Trying to have a conversation over the Listers
Three coal boats were getting ready to go up - the local boats "Towcester" & "Bideford",b ut these were preceded by "Southern Cross" which also loads on behalf of the same business run by Julia Cook.  I went and watched "Towcester" and "Bideford" through the bottom lock, and it was explained that there was a plan to unload a ton of coal from one of the boats into a van whilst in a lock further up, but that there should be no great delay.

Eventually I decided I need to make a start behind them, if we were not to arrive at te top in total darkness, but shortly after I set off alone, not only did Cath arrive, but also Adam from "Briar Rose" who had offered to help me up the locks earlier.  Whilst "Towcester" and "Bideford" worked ahead of us, "Southern Cross" held back, so we could go up together.

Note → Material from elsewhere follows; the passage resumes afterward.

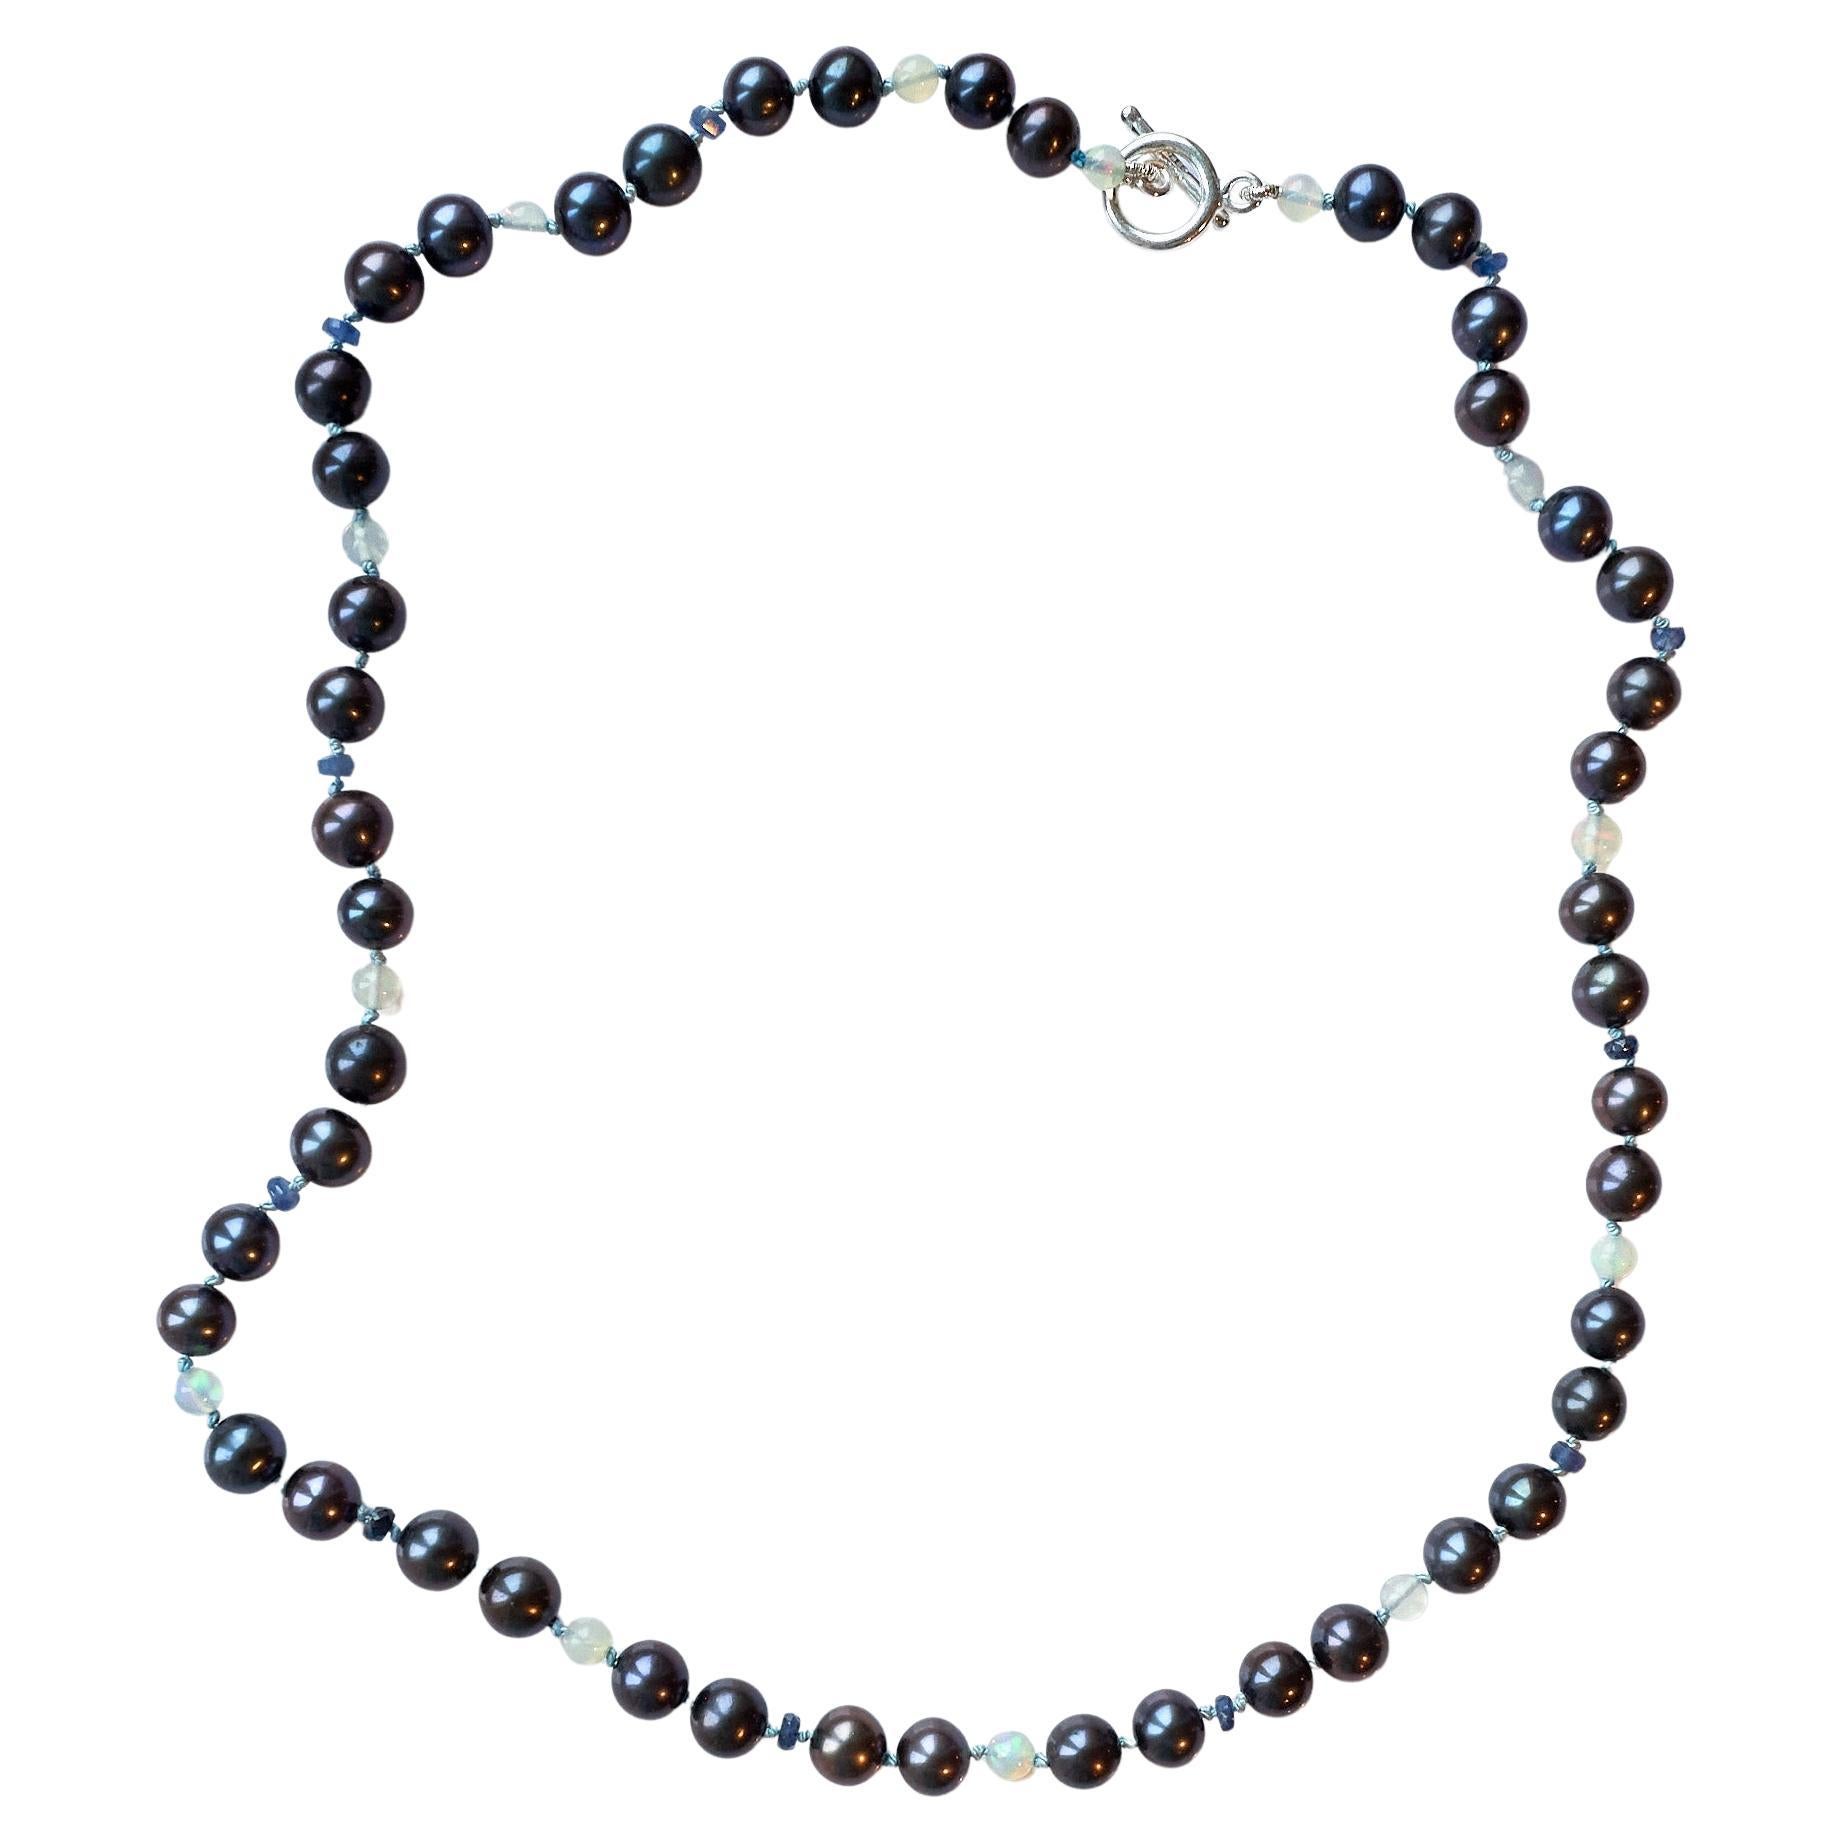 Black Pearl Blue Sapphire Opal Beaded Necklace Lilac Silk Thread Sillver

This gives an idea how much "Sickle" was shortened!
I'm always interested in "Southern Cross" as it was owned and restored by the same family as "Sickle".  Even though the two boats are of different "Grand Union" types, ("Southern "Cross" being a Harland and Woolf built "Woolwich" boat, whereas "Sickle" is a W J Yarwoods "Northwich" one), the two restorations show considerable similarities, and I felt the boats looked "right" together.  Both even have similar Lister HA3 air-cooled diesels, (and produce similar amounts of smoke on occasions!), and when I normally struggle to hear much against the noise of one in a lock chamber, I can attest to the fact that two together makes conversation very difficult indeed.

We were fortunate it was nearly a full moon, and with clear skies, because well before the top lock we were delayed enough that otherwise it was well after night-fall.  Fortunately the largely reserved moorings at the top meant we had little difficulty to find a suitable slot for Sickle's modest forty foot length.

We have joked before that "The Boat" pub is as close as Cath and I come to having a regularly visited local.  Not wishing to spoil this tradition, we once again ate there, washing it down with the usual "Frog Island" (me) and Thatcher's cider (Cath).

Frankly by this stage I was knackered - although I'm able to move the boat around largely on my own for much of the mileage, "Sickle" does tend to make you feel you have had a good work-out!  None the less, we had made it, and now only had to worry about the fact we had a party many miles away to fit in as well as being at Stoke!

Fenny Stratford to Stoke Bruerne

Miles: 18.3,  Locks: 8

Thursday, 20 September 2012

Another update on Odin

This video's a bit old hat now - having been made nearly two weeks ago. Odin has made considerable progress since then, but, as part of the record, here is Odin at 16 weeks old:

Monday, 17 September 2012

The Big Two Boat Summer Trip Finally Reaches Completion.

(Boat Sickle - posted by Alan)

I remember boating back in the 1970s, after long distance carrying had ceased, but leisure boating was very much in its infancy, that it somehow seemed to be considered not the done trhing to start your engine up, and set off before (say) 8:00 am.  I can actually remember wanting to make an early start, and pulling or poling the boat the first bit, so as not to disturb those still in bed!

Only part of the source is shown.